# looking good source for corks



## dralarms (Mar 12, 2014)

I need to purchase a bag of corks (1000). I'm looking for a good price on the 1+1's.


----------



## Runningwolf (Mar 12, 2014)

Lafitte. A number of us buy from them. For an extra $100 (one time charge) they will brand them with your winery name or anything you want including images.


----------



## dralarms (Mar 12, 2014)

Their site sucks. Can you give me an idea of cost.


----------



## Runningwolf (Mar 12, 2014)

about .11 each. with shipping they'll still be under .18

Customer service is awesome when you call


----------



## dralarms (Mar 12, 2014)

Ok, sounds like the shipping will kill it.
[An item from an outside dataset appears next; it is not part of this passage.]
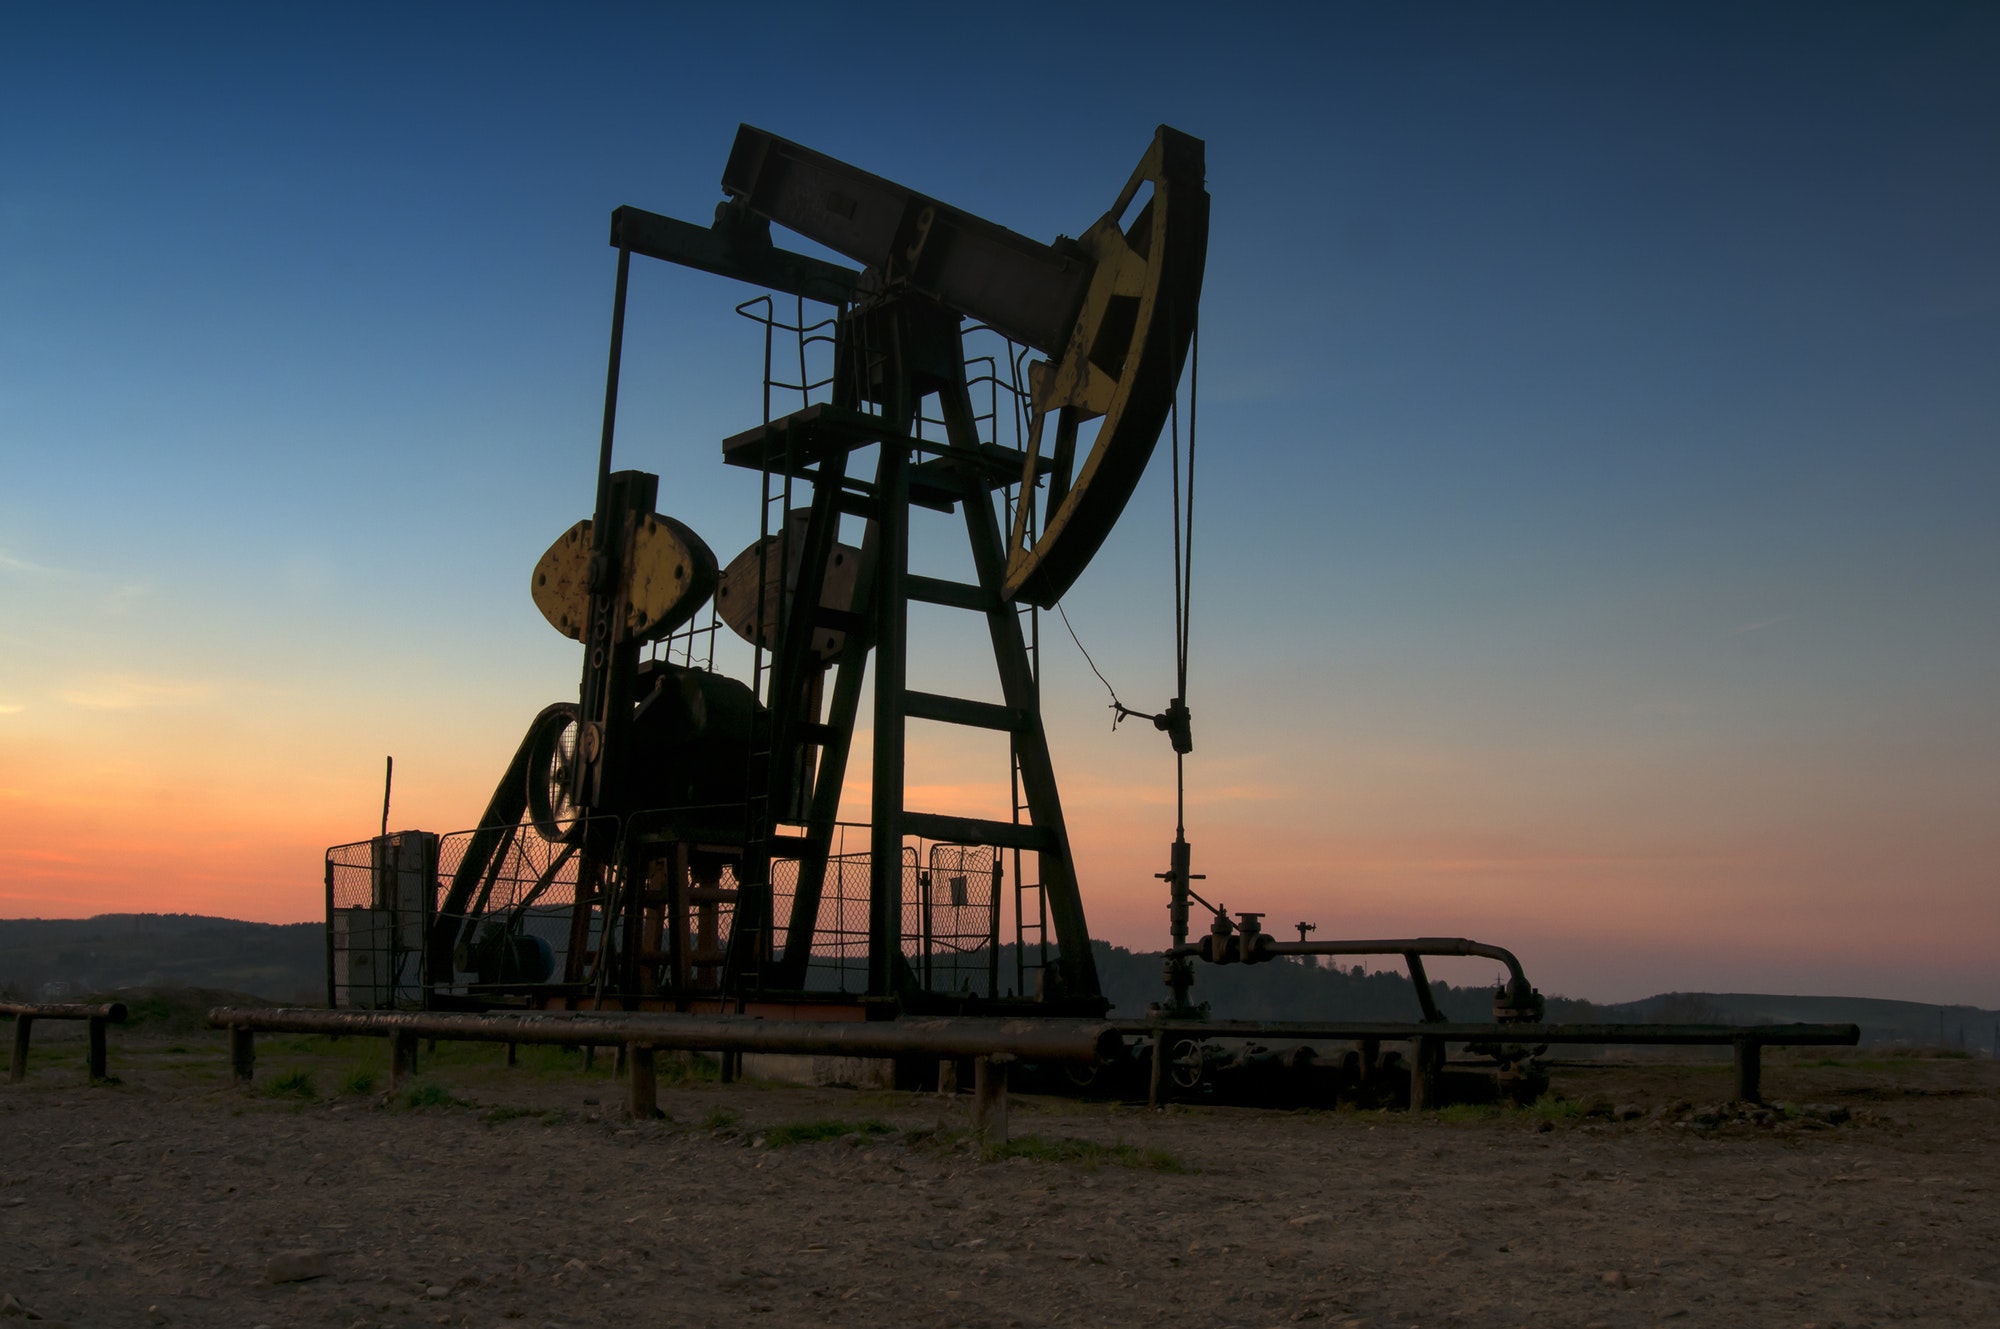 La pompe à pétrole au coucher du soleil

I'm getting 9 x 1 3/4 corks for 100.00 plus tax. They seem to hold up, I just figured I'd see how much the 1+1's were.


----------



## ffemt128 (Mar 13, 2014)

I just ordered 1000 from Lafitte. Total cost was $182.00. It was .12 each for the corkes and $62 in shipping from Napa Ca. It was a fairly large box. I get the 1+1 as you mentioned. I've been very happy with their product. No pricing on their site but they will send you a sample pack with all their corks and pricing for each if you call.


----------



## Rocky (Mar 13, 2014)

These are the corks I use and I have never had a problem with them: http://www.amazon.com/dp/B002VFXY3C/?tag=skimlinks_replacement-20 At less than a penny apiece, they are a good deal.


----------



## dralarms (Mar 13, 2014)

That's what I'm using. Only no shipping.


----------



## Scott (Mar 13, 2014)

Always had good luck with George at finevinewines.


----------